Dopo un mese riusciamo a incontrare le madri dei bambini al centro, organizzando un mercatino dell'usato e una lezione di cucina giapponese tenuta da Masa, che è cuoco. Mi incaricano di intervistare le madri per capire cosa si aspettano dal centro e se hanno idee per migliorare il progetto. La maggior parte delle donne mantiene da sola una squadra di bambini piccoli e di anziani. Quelle che ancora hanno un uomo in casa sono spesso vittime di violenza domestica: il tasso di alcolismo a Tankarpata è molto alto. Una delle domande del questionario è: "Qual è stato il momento più felice della tua vita?" Alcune donne abbassano lo sguardo. "Non mi ricordo nessun momento felice nella mia vita". Quasi tutte però dicono che ballare fa provare loro qualcosa di simile alla felicità.

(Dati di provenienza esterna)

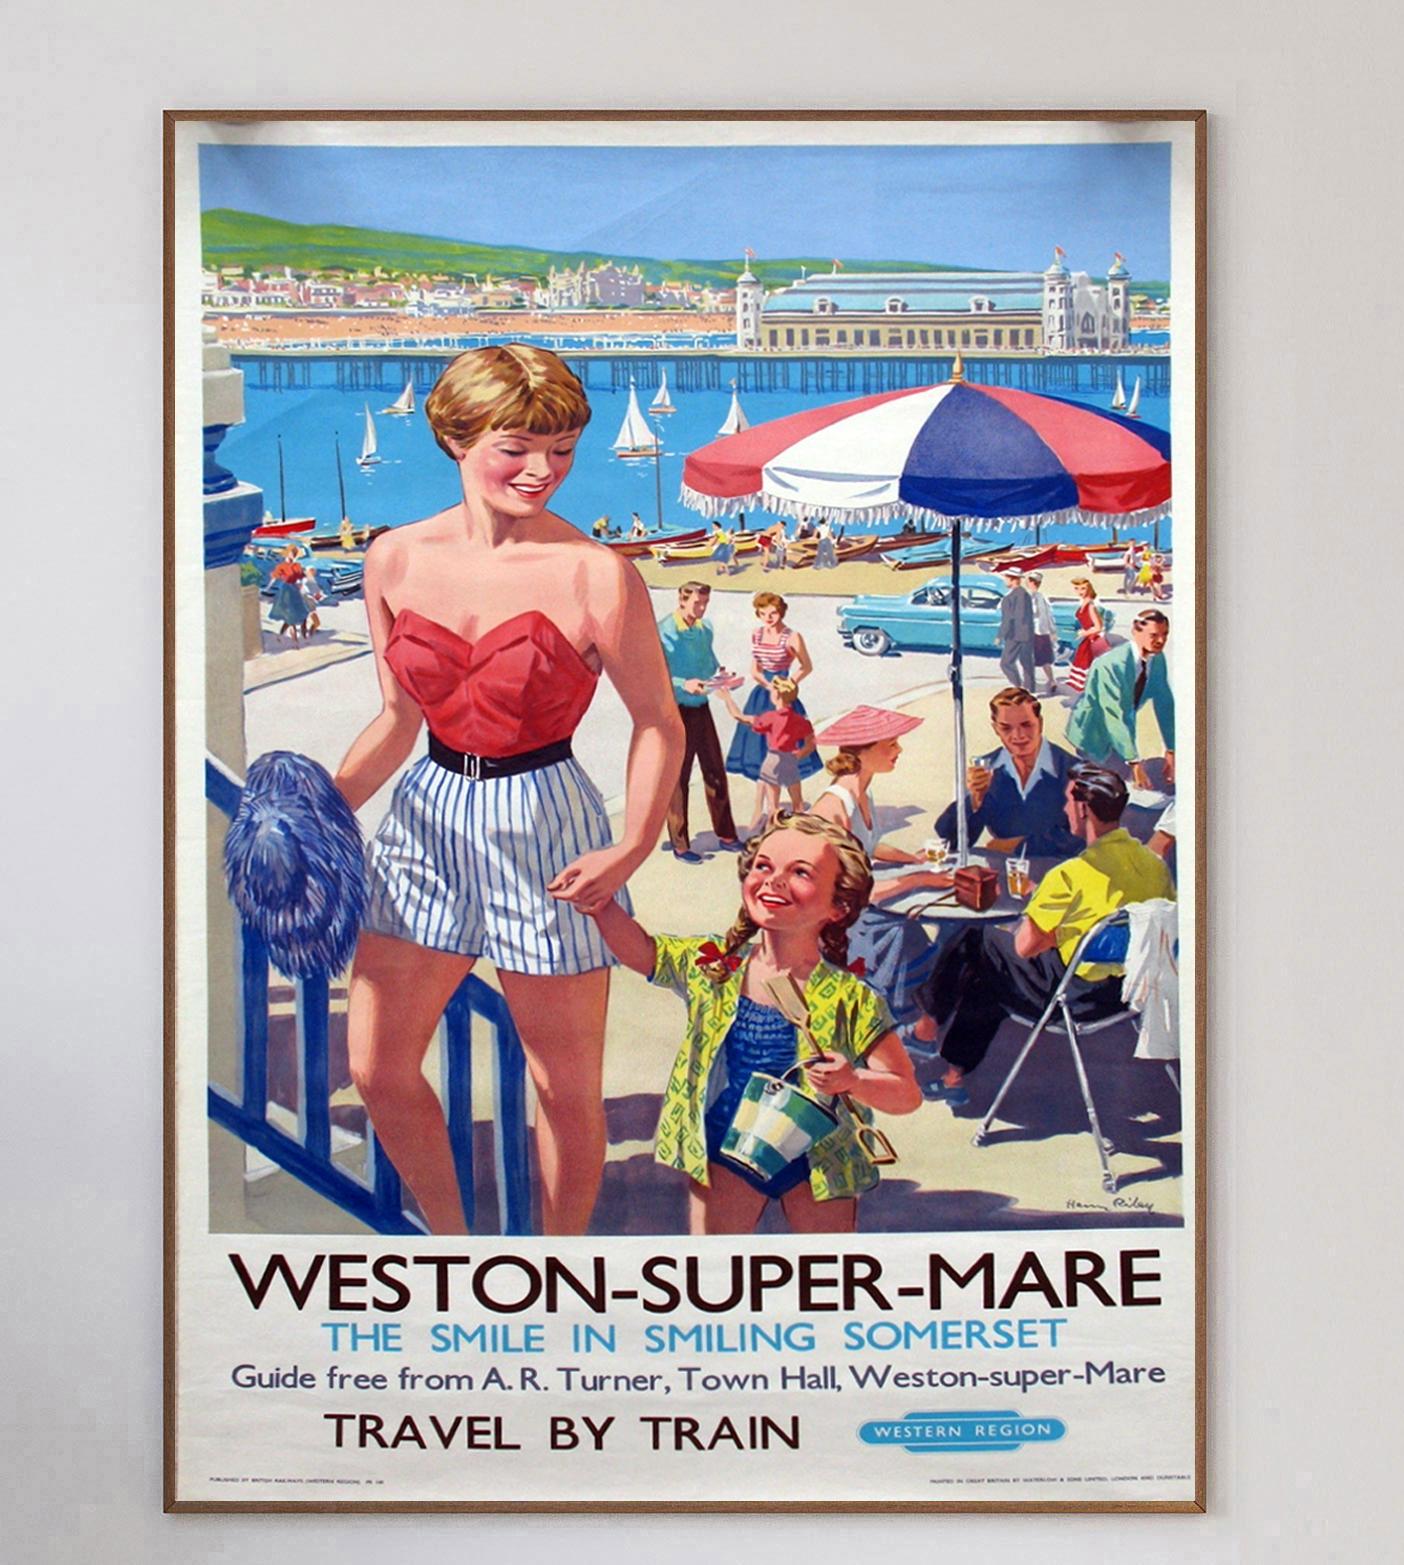 This stunning and rare poster for British Railways was created in 1960 to promote their routes to Weston-Super-Mare in Somerset, England. With artwork by Harry Arthur Riley (1895-1966) depicting a happy mother and daughter walking up from the Weston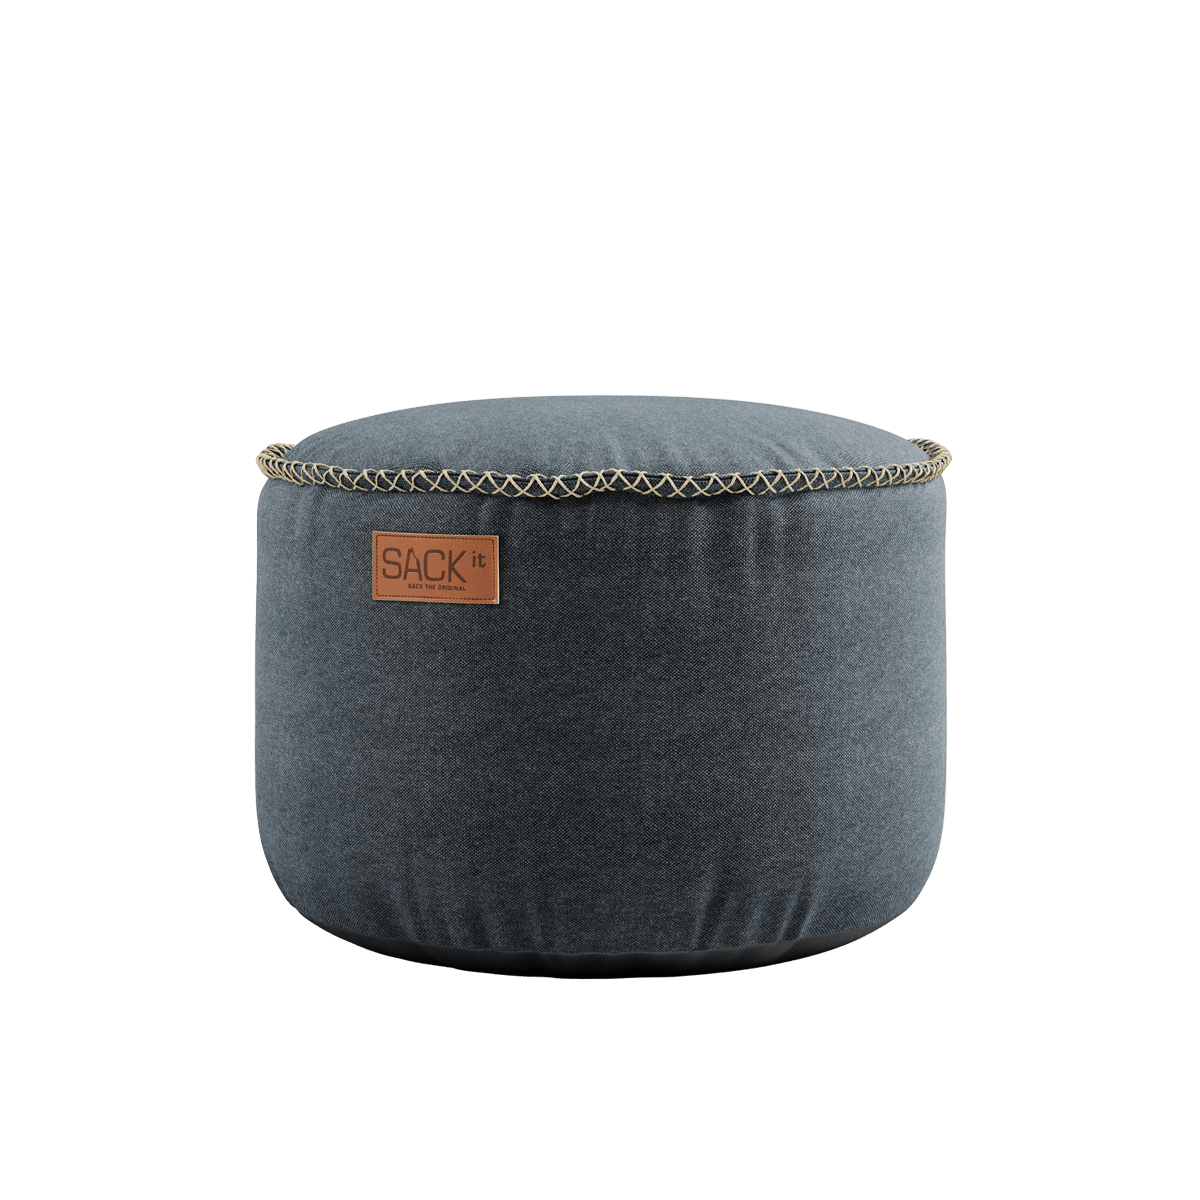 variant_8572003% | Canvas Pouf [Contract] - Canvas Petrol | SACKit

Durante la lezione di cucina, quando Masa prende un po' di tempo per riflettere ed esprimersi in una lingua straniera, alcune donne si spazientiscono: "Allora, cinese, ti muovi o no?" C'è uno scoppio di risa generale. Mi vengono in mente le parole del nostro coinquilino peruviano: i peruviani discriminano gli asiatici per una sorta di compensazione al loro complesso di inferiorità nei confronti dei bianchi, statunitensi ed europei. Masa mi guarda scoraggiato. Un bambino grida: "Mamma, ma lui non è cinese, è giapponese!". "E' la stessa cosa, sempre giallo è", ribatte la donna. Altro scoppio di risa.
Una delle cose che le madri ci chiedono è dedicare più tempo ai compiti e meno tempo alle attività educative. Vorrebbero che i figli andassero bene a scuola. Alcune vorrebbero che i figli diventassero insegnanti, perché loro non hanno potuto diventare insegnanti. Lo riferisco a Jesus, trionfante: ci siamo lamentati spesso del fatto che i bambini venissero invitati a partecipare alle attività educative senza aver finito i compiti. Jesus sospira. "Io mi sono laureato a Lima, ma sono un'eccezione", spiega. "Anzi, sono un miracolo. Questi bambini sono già tutti perduti, capisci?" "In che senso?" "Nel senso che se riusciamo a evitare che facciano una bruttissima fine prima di diventare adulti, siamo già stati bravi". Lo guardo senza capire. "Qua non siamo in Europa", continua Jesus. "Ci sono più di quaranta bambini per classe e i nostri programmi scolastici sono pessimi. Il nostro compito qui è educarli e dar loro esempi morali, in modo che stiano lontani dai guai per quanto possibile. La nostra è una funzione palliativa". Mi rifiuto di capire. "Non siamo qua per salvare nessuno. Toglitelo dalla testa: questi bambini che vedi qua sono quasi tutti perduti, già ora, già prima che nascessero. Perché sono nati qua. Noi vogliamo solo rendere la cosa il più indolore possibile. Questo sarebbe già un successo, per noi. Capisci adesso cosa siamo qua a fare, noi?".